The heading on the map, “End the unjust Jewish occupation of Arab land,” is intended to be sarcastic precisely because of the gross asymmetry between the Jewish and Muslim territory in the Middle East.

The heading does indeed score a bull’s-eye in accurately framing the dimension of the geo-political situation of that region of the world.

But sarcasm is a poor weapon for Israel’s advocates, even if emotionally gratifying.

Moreover, even as gratification, it is a short-lived reward because the heading is inaccurate: the non-Jewish countries in the region – that is, all of them except Israel –  are indeed Muslim, but not all Arab.

Israel’s advocates must always be accurate in their advocacy. The facts of Israel’s case are the facts of history.

Far worse, however, is the fact that the sarcasm is irrelevant to the main argument of the anti-Israel advocates. The Arab land that they say Israel occupies is the land that belonged to the Palestinians. By Arab land, some people mean the West Bank; others mean all of Mandatory Palestine (that is, the Israel of today).  

Israel’s advocates must always be pertinent in their advocacy. The relevance of Israel’s case is the relevance of truth over falsehood.

It is therefore, with these Israel- advocacy rules in mind – accuracy and relevance – that U.S. President Barack Obama’s historic speech in Cairo last week must be measured.

To be sure, the content of Obama’s speech ranged more widely than Israel’s conflict with the Palestinians. In, by now, trademark eloquence he outlined broad principles on seven discrete issues, only one of which dealt specifically with the Israeli-Palestinian conflict. But it was his remarks on this issue more than the others that undoubtedly held the Muslim world’s attention most closely.

There is no denying that Obama earnestly and fervently wishes to bring about a permanent peace between Israelis and Palestinians. The thrust of his remarks was to demonstrate friendship to the Muslim world and sympathy for the plight of the Palestinians, while insisting that  “Israel’s legitimacy” be recognized by the Arab states and by all factions of Palestinians, including Hamas.

He has made it clear time and again that he considers Israel an ally. Indeed he affirmed at the very outset that America’s bond with Israel “is unbreakable.”

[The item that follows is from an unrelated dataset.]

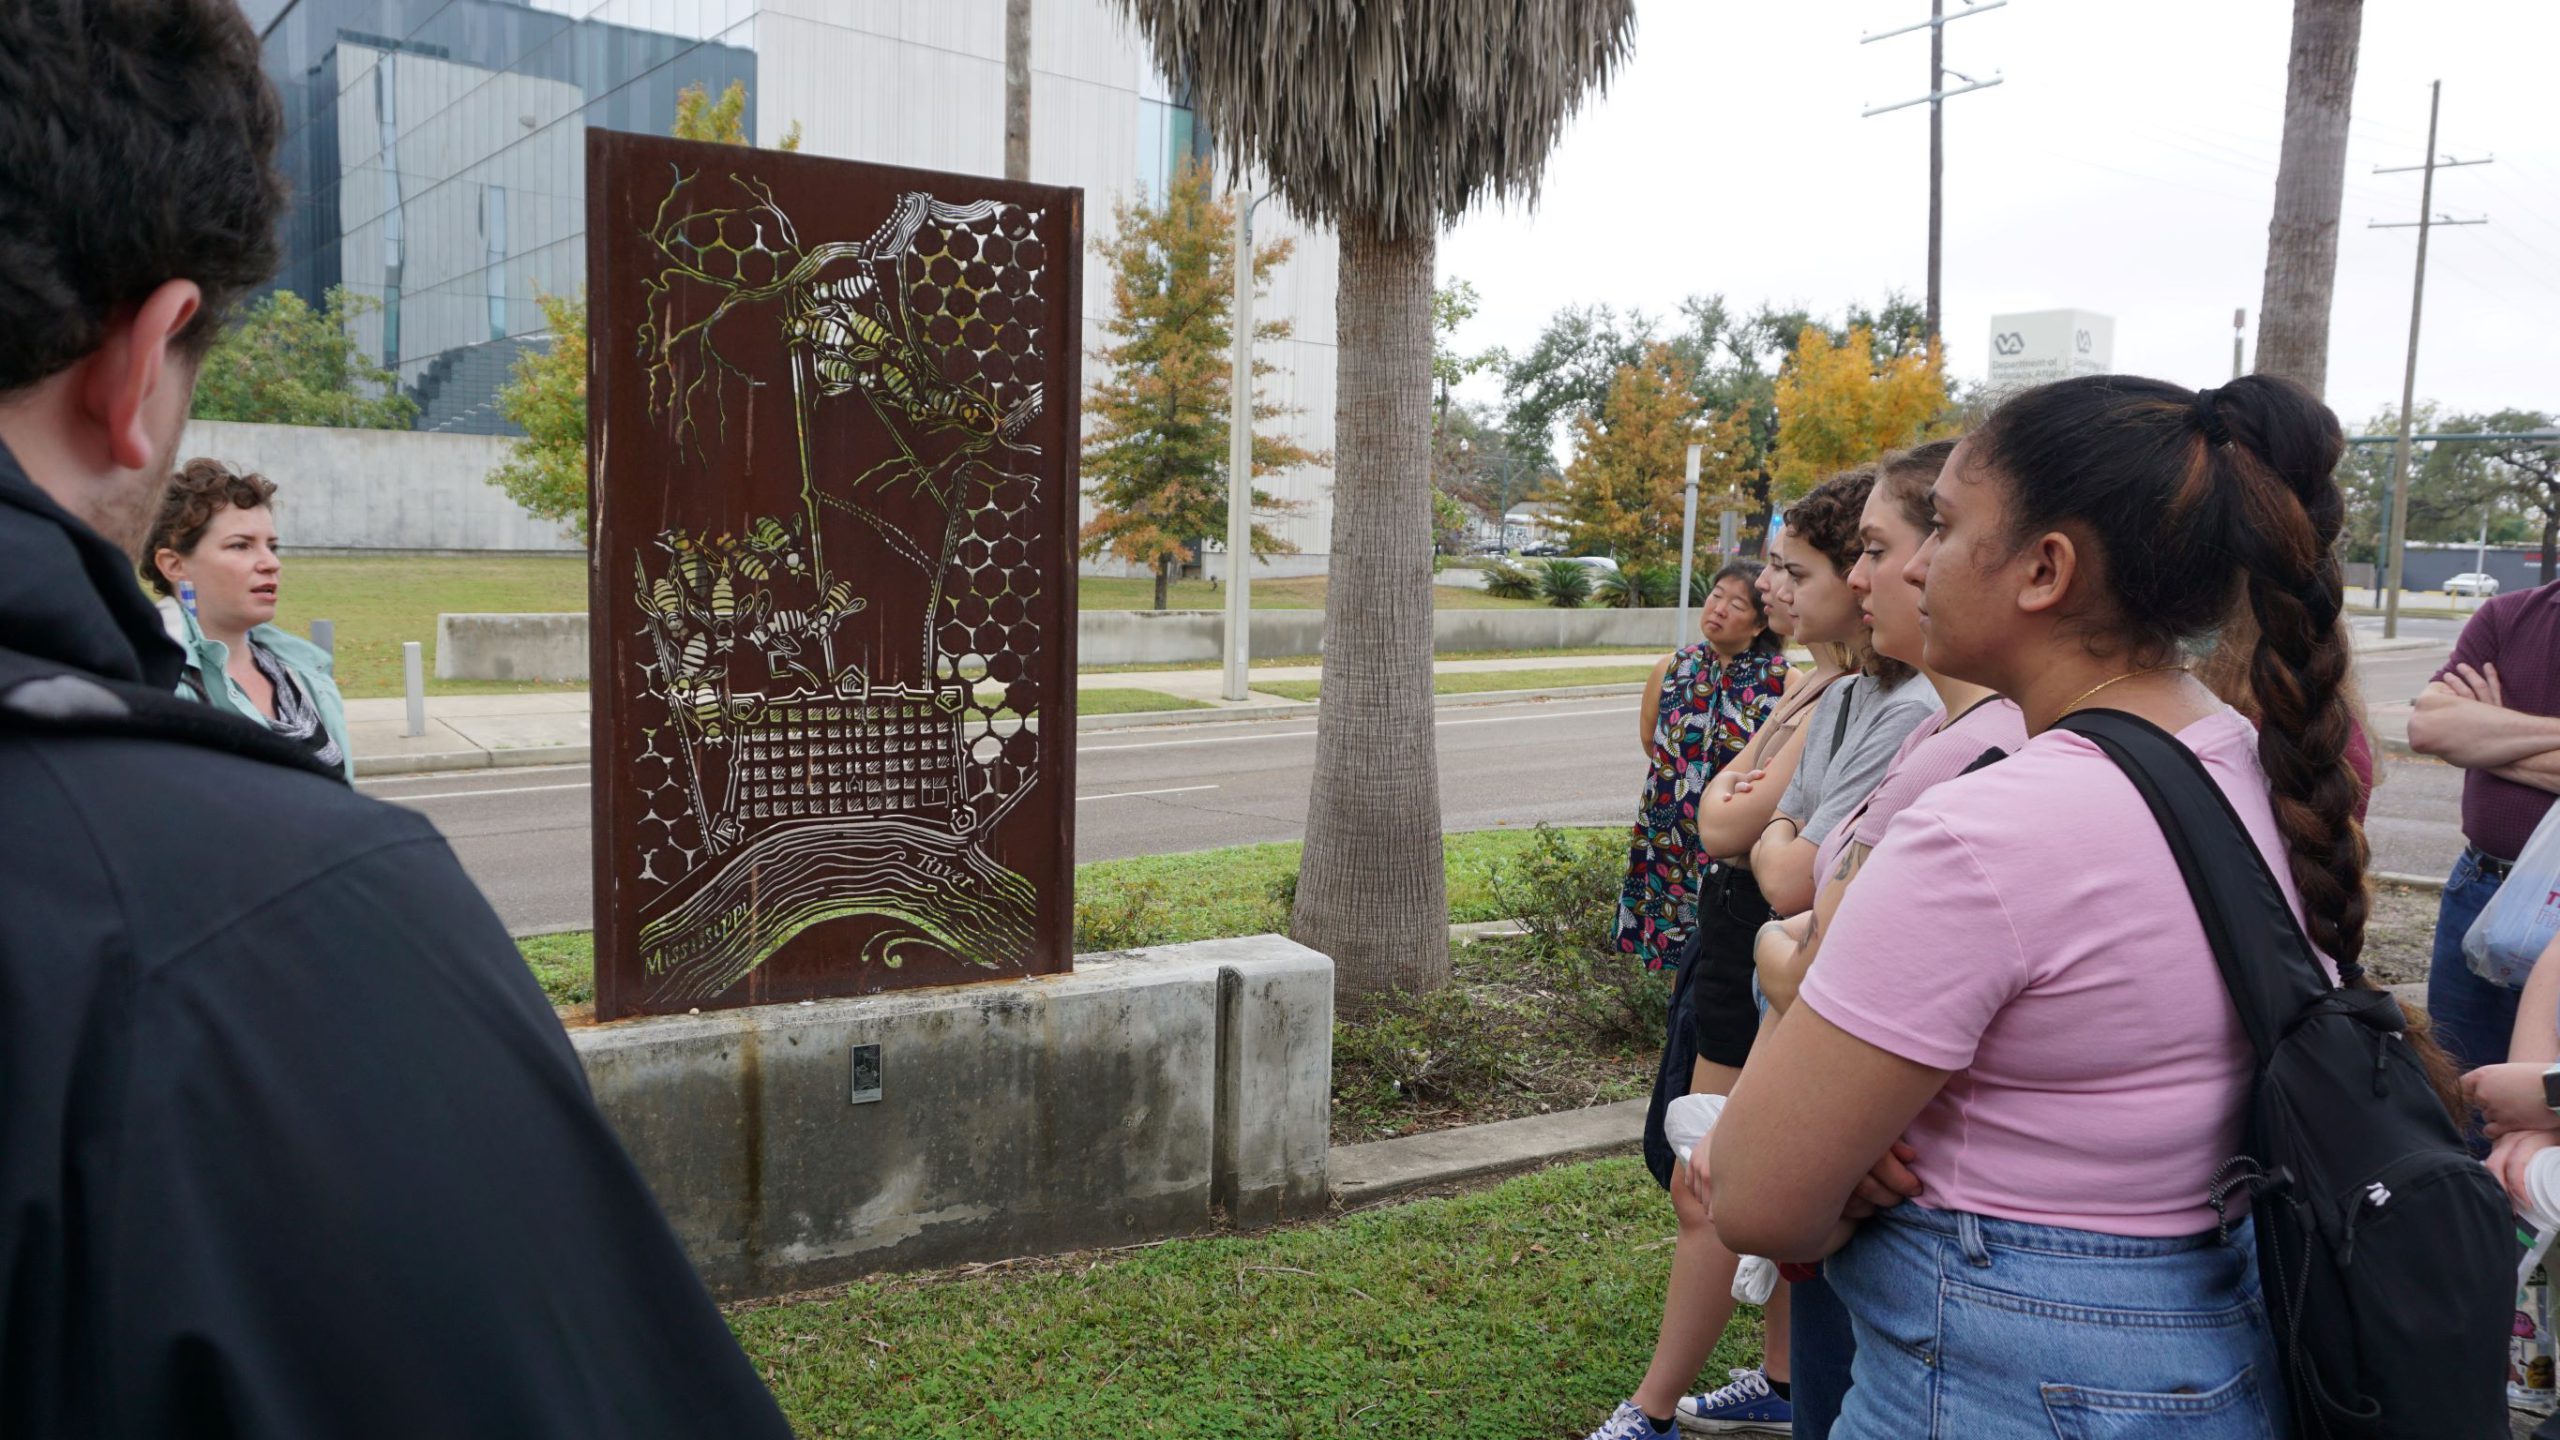 “The Spirit of Lower Mid-City:” A Conversation with Monica Kelly from People for Public Art

But the president’s grasp of the justice of Israel’s case appears dangerously lacking in the relevant facts of history, ancient and modern.

“The aspiration for a Jewish homeland is rooted in a tragic history that cannot be denied. Around the world the Jewish people were persecuted for centuries and anti-Semitism in Europe culminated in an unprecedented Holocaust.”

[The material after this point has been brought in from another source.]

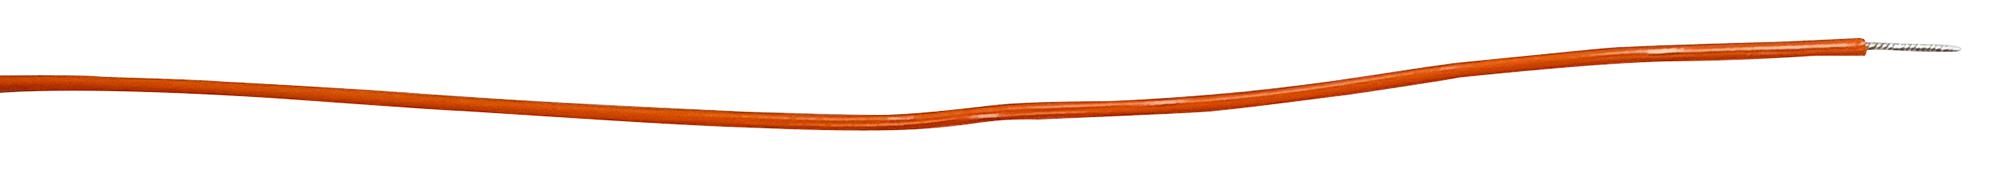 PP002588 CABLE WIRE, 22AWG, ORANGE, 305M PRO POWER

In his speech, Obama anchored the Jews’ claim to sovereign statehood in the shallow waters of anti-Semitism. By referencing Europe and the Holocaust, he vindicated the non-Holocaust denial aspect of Iranian President Mahmoud Ahmadinejad’s argument that Muslims should not pay the price for Christian misbehaviour and Christian guilt.

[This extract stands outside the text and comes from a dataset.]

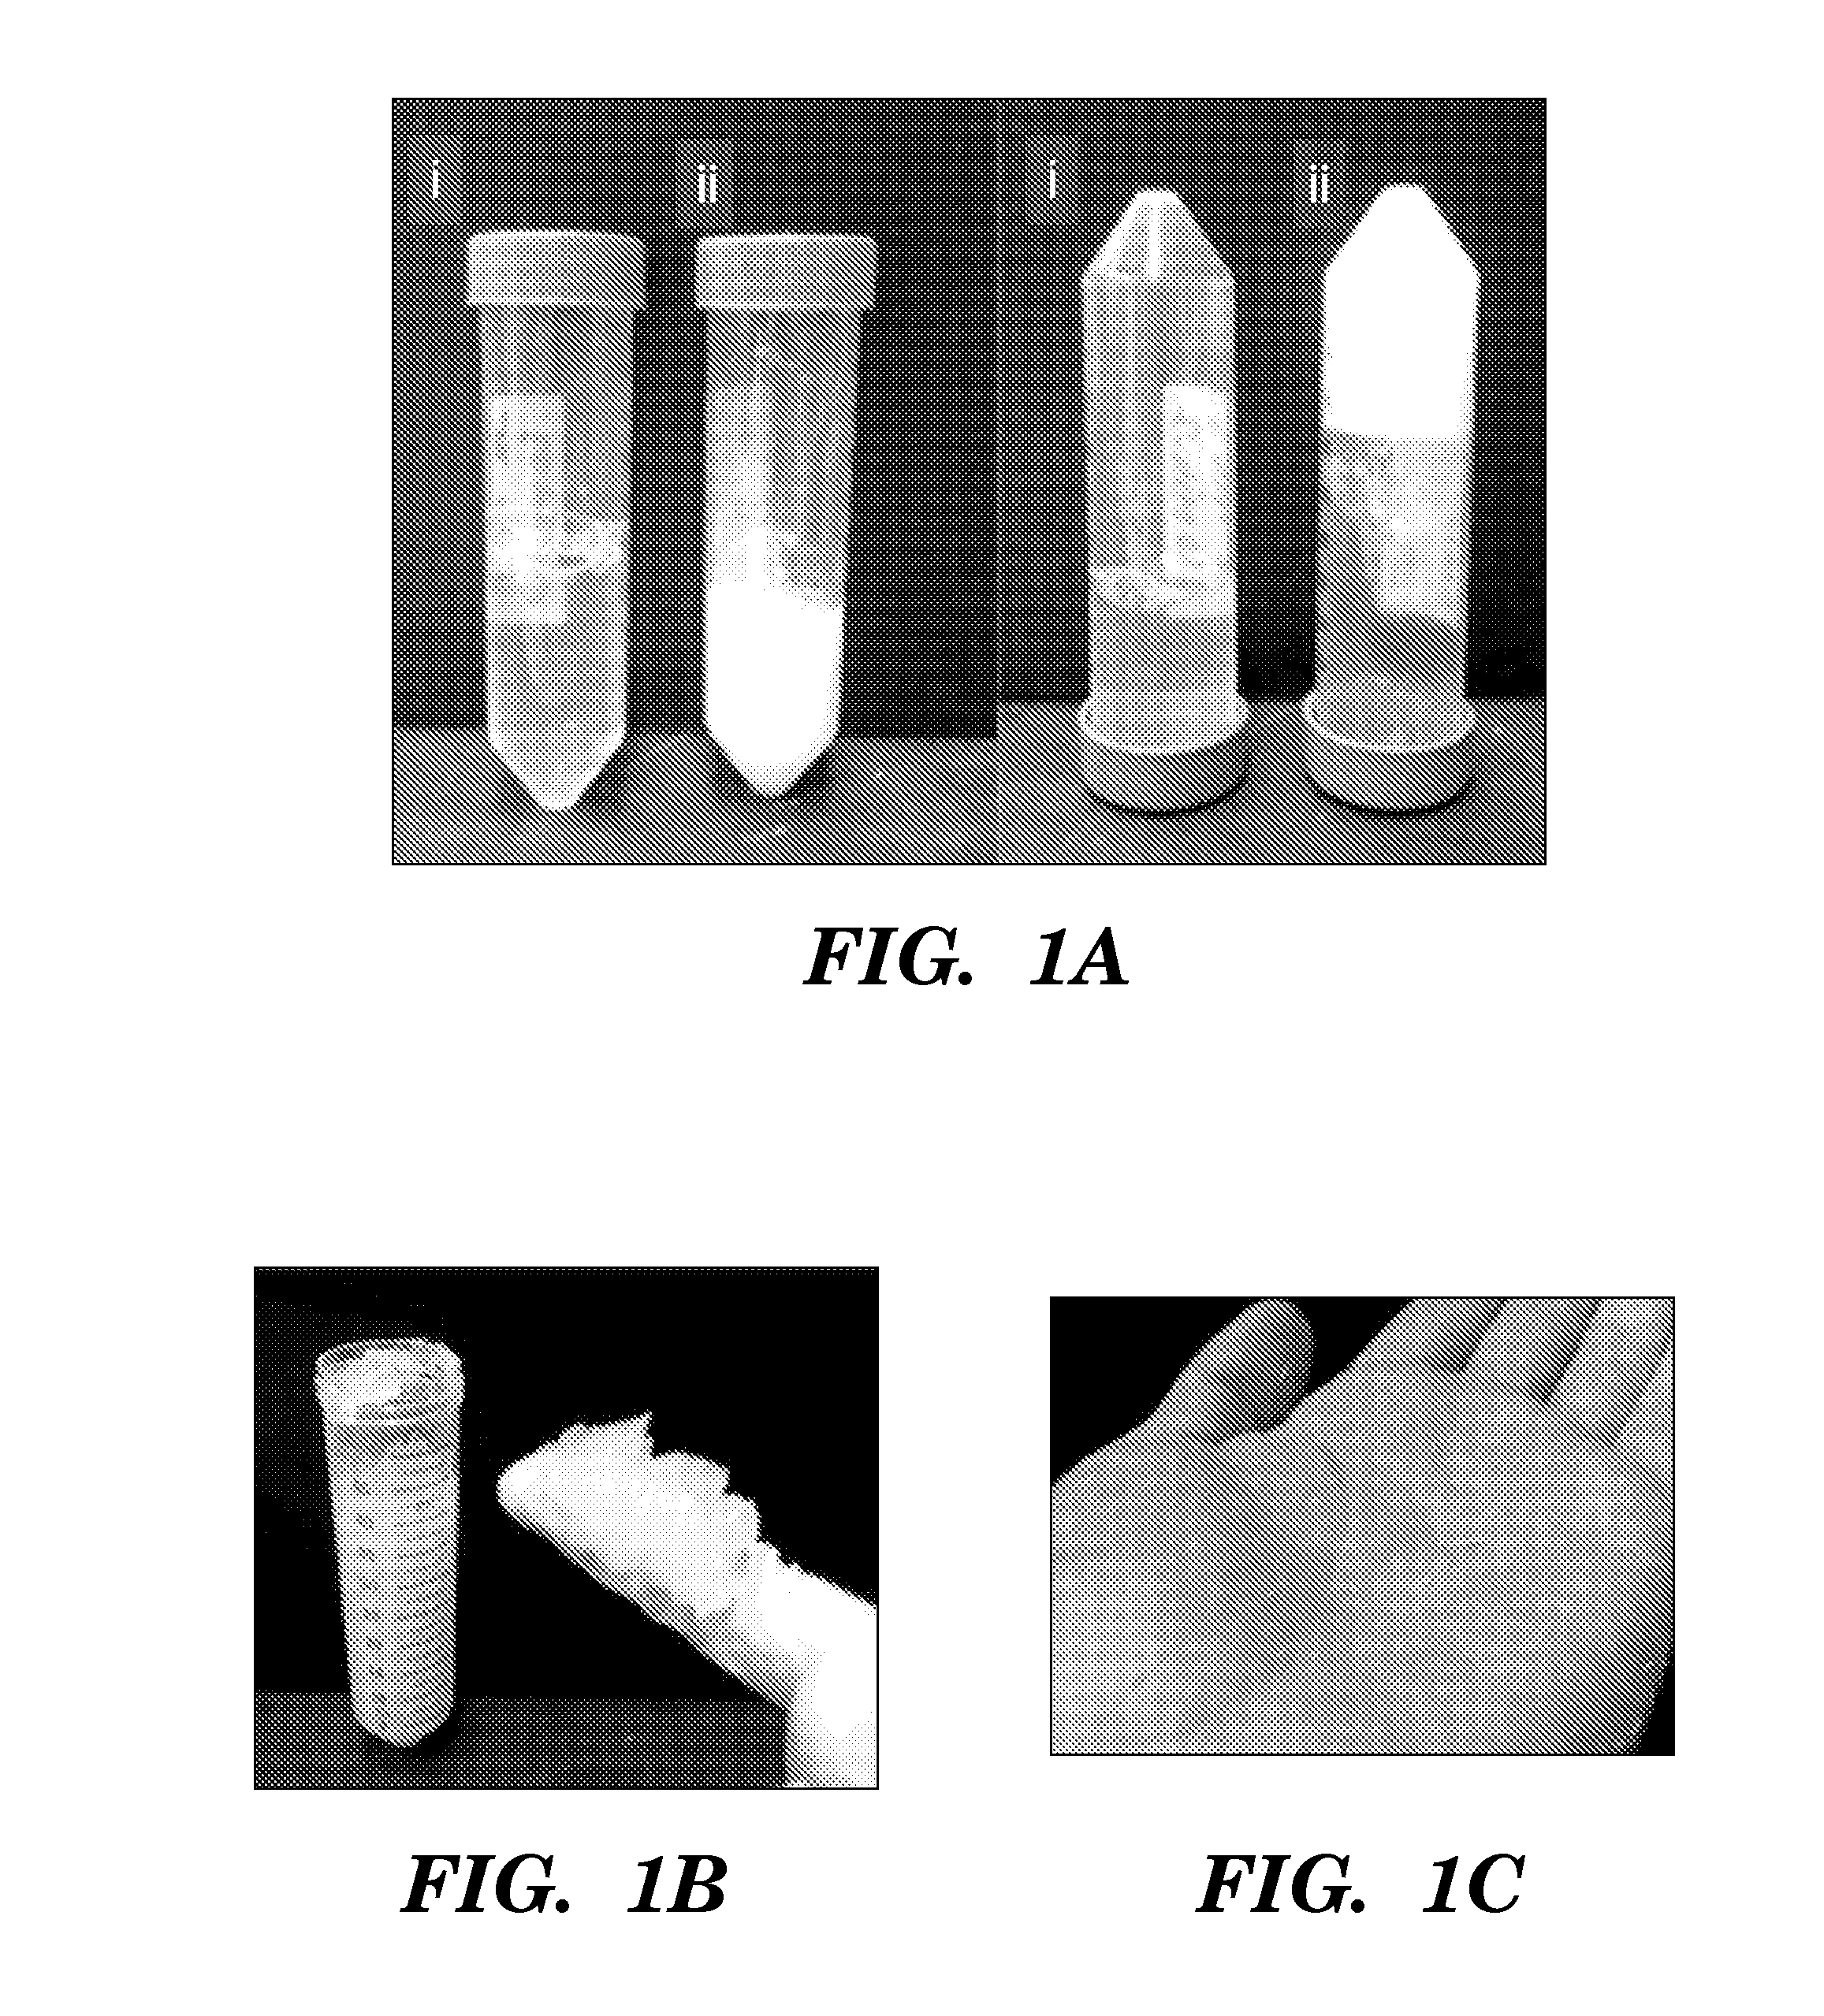 Silk fibroin-based personal care compositions

Unfortunately, the president failed to anchor the Jewish claim to rightful existence in the Land of Israel in the deep seas of Jewish and world history.

As Liberal MP and former justice minister Irwin Cotler has said, the Jewish people are aboriginal to the land that is the subject of the dispute with the Palestinians.

It was the Romans who adopted the name Palestina after they conquered the land and exiled the Jews. They obliterated the name Judea from the map. They could not, however, obliterate Judea from the hearts of the Jews who carried the name and the hope of return in every place and in every generation of their dispersion.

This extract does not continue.